THE DATA

┌──

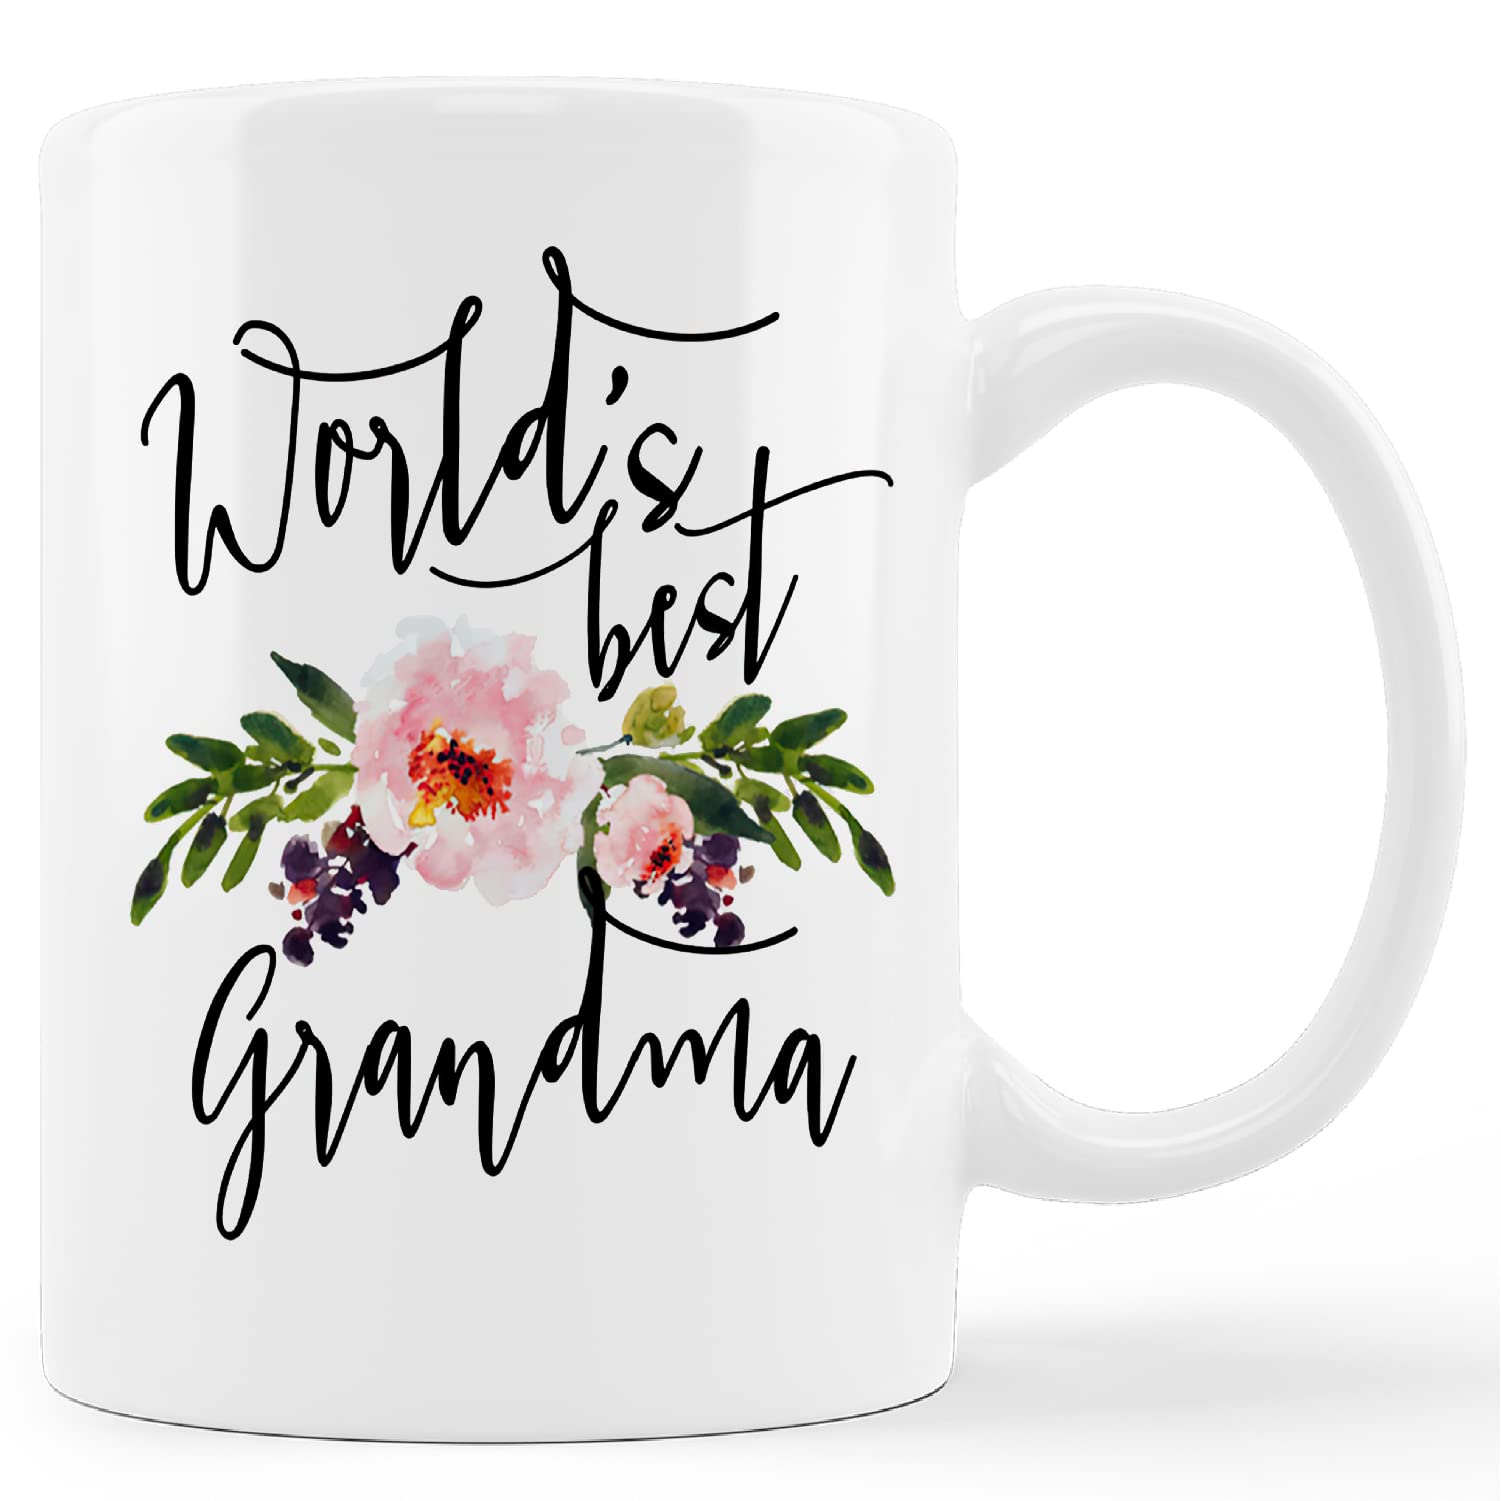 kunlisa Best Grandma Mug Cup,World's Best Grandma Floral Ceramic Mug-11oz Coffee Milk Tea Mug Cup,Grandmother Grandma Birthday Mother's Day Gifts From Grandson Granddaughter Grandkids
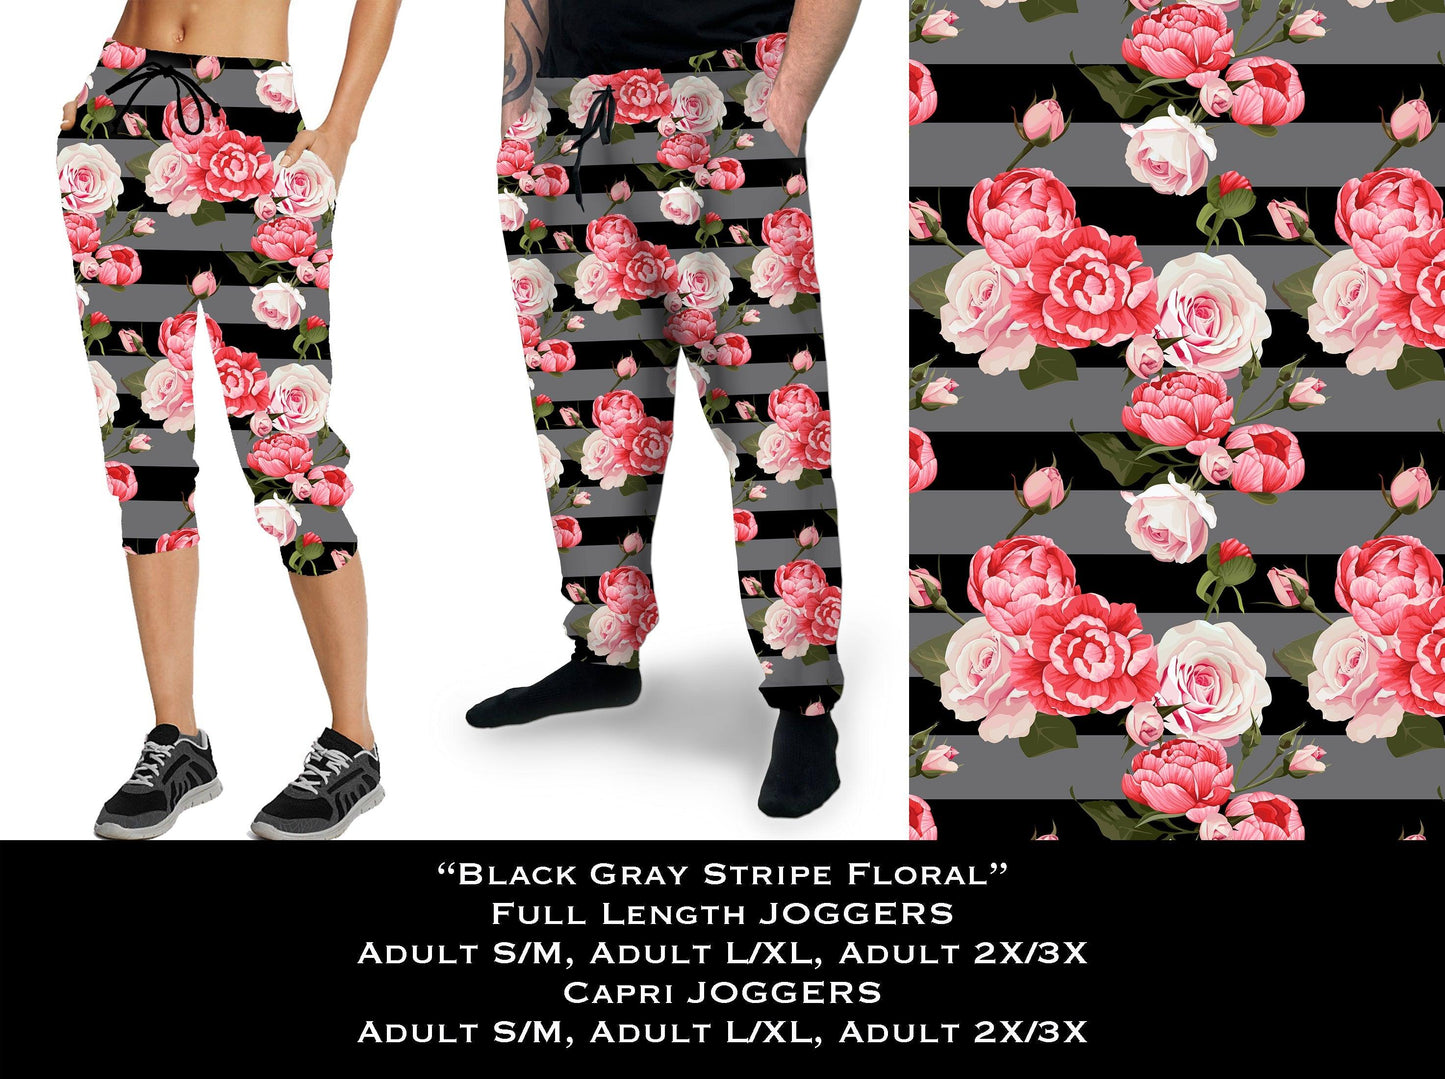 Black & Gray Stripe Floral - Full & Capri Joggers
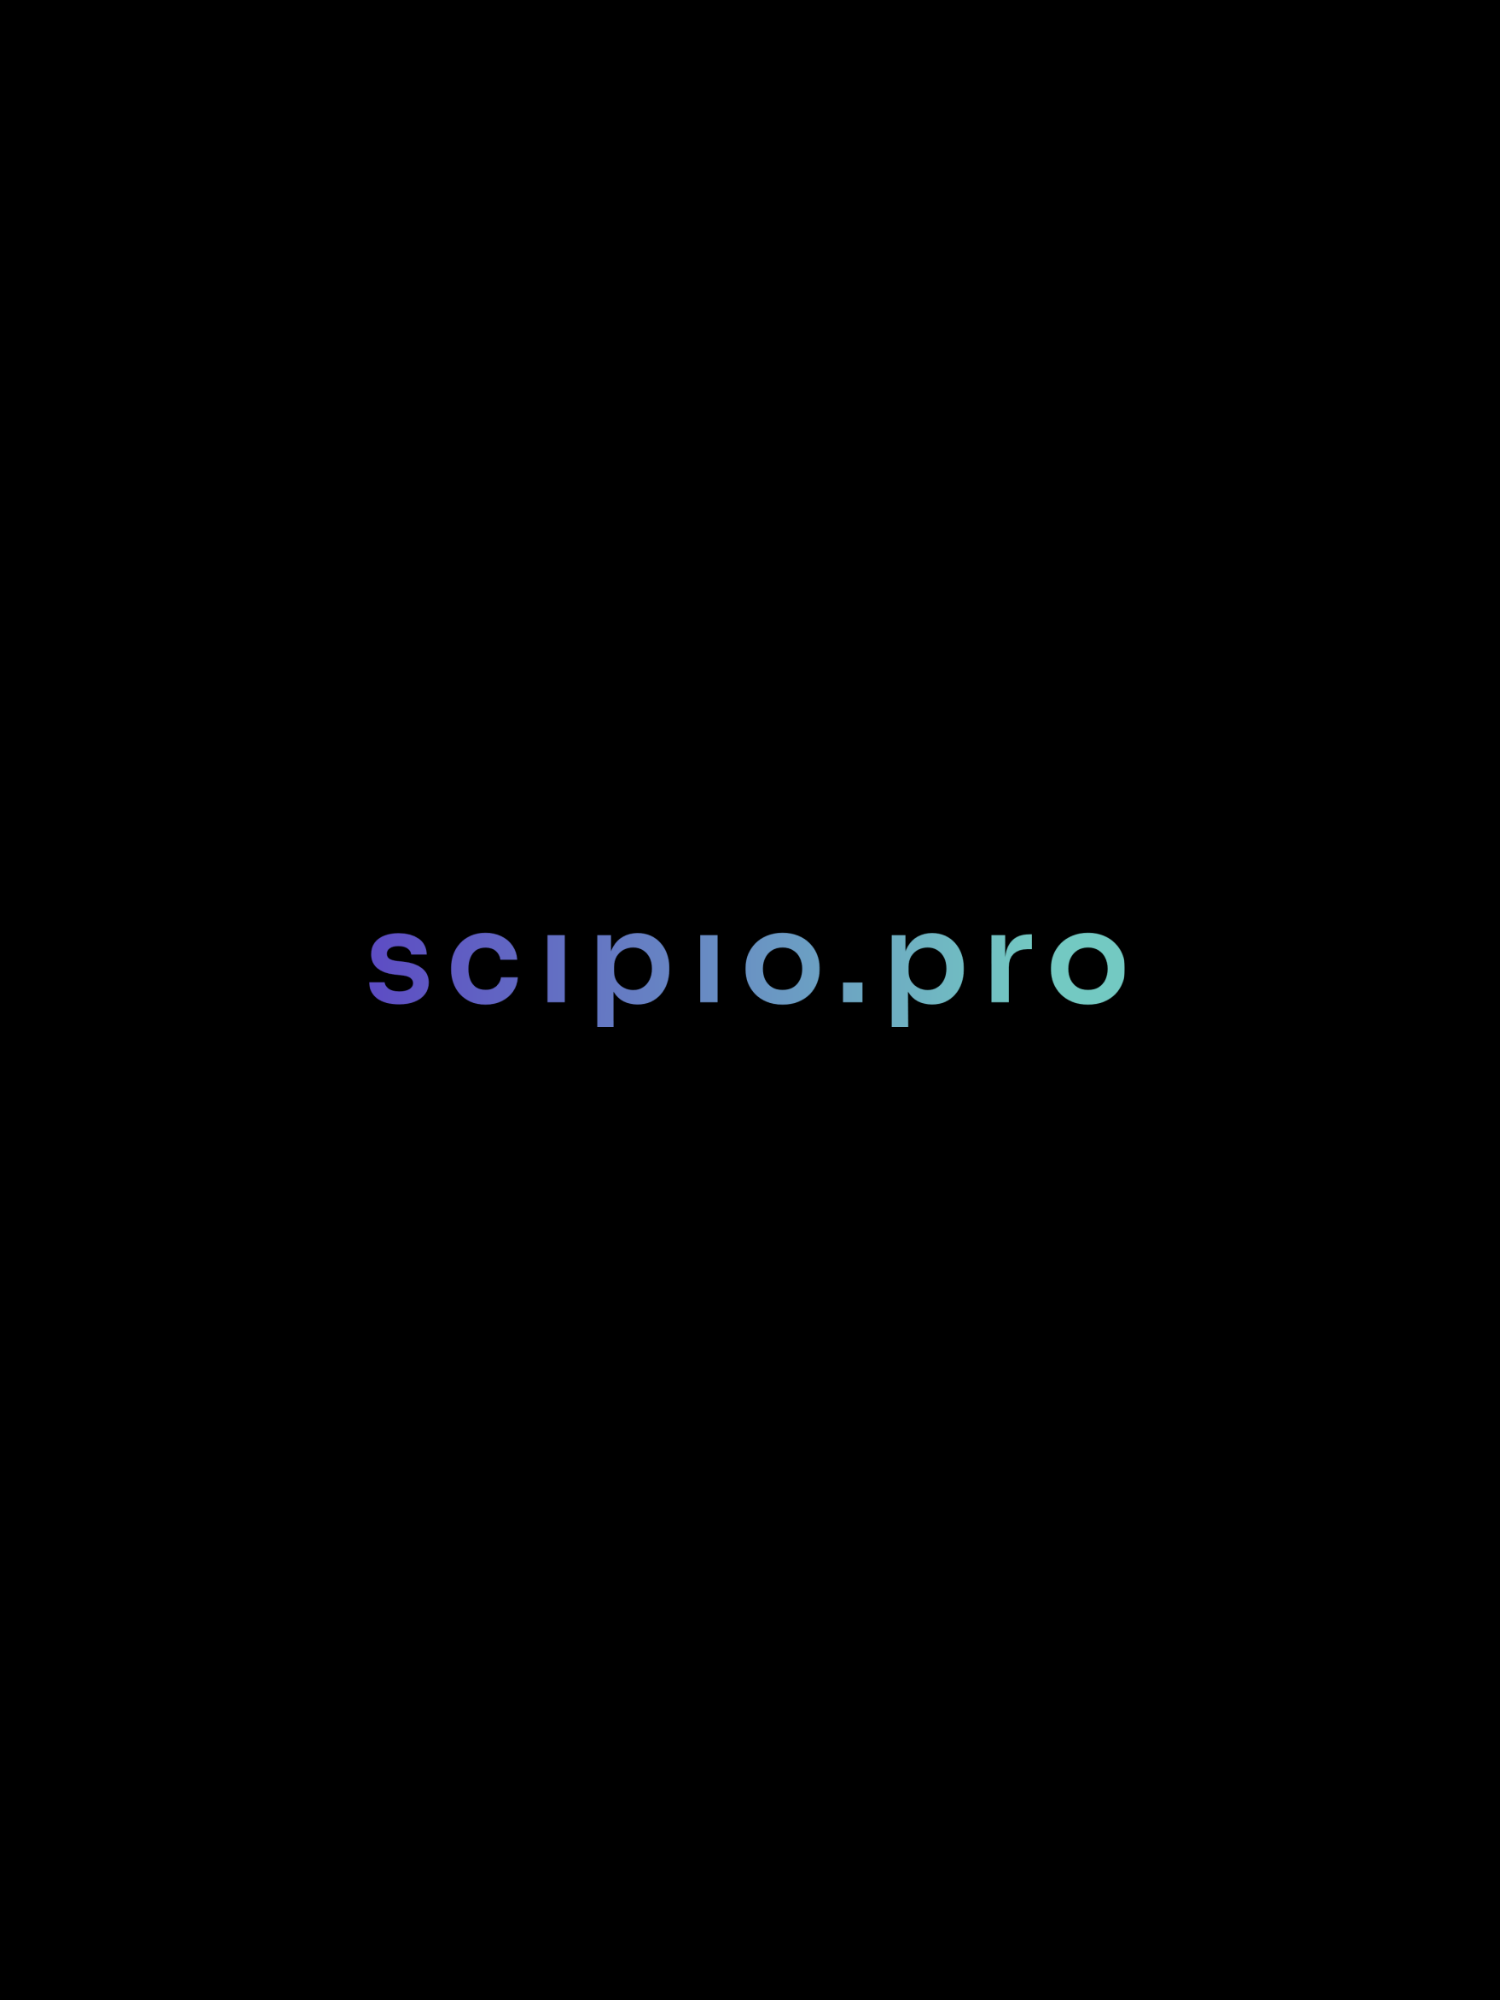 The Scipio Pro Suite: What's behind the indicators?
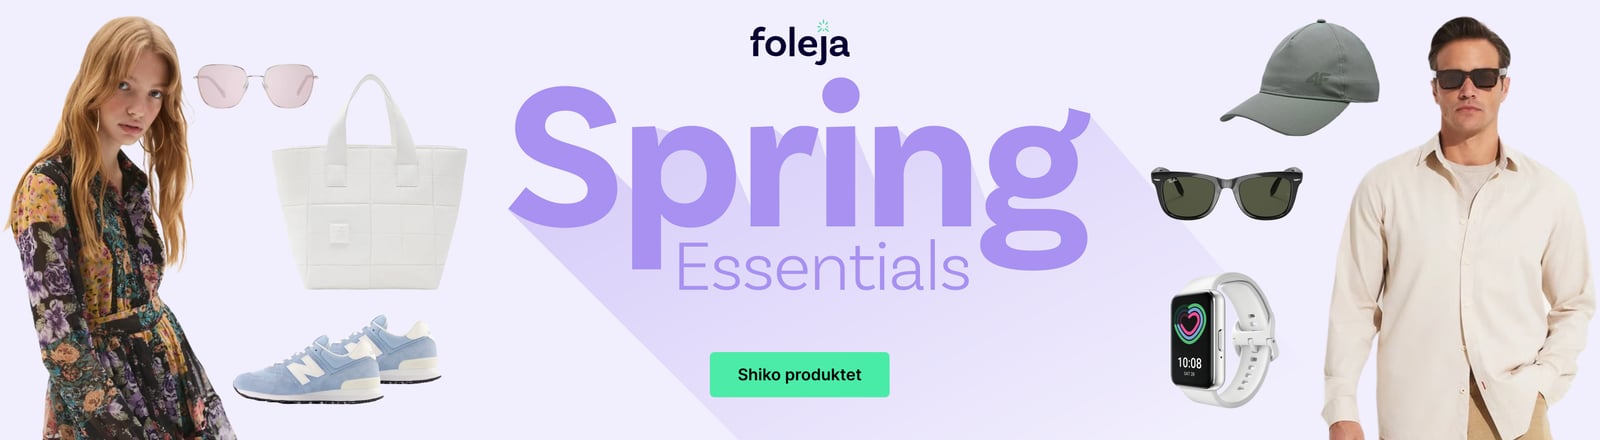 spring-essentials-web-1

└──

AIM OF THE TASK
Repeat the listing above exactly, omitting the pictures it contains.

SOLUTION TO THE EXERCISE
 kunlisa Best Grandma Mug Cup,World's Best Grandma Floral Ceramic Mug-11oz Coffee Milk Tea Mug Cup,Grandmother Grandma Birthday Mother's Day Gifts From Grandson Granddaughter Grandkids
 Black & Gray Stripe Floral - Full & Capri Joggers
 The Scipio Pro Suite: What's behind the indicators?
 spring-essentials-web-1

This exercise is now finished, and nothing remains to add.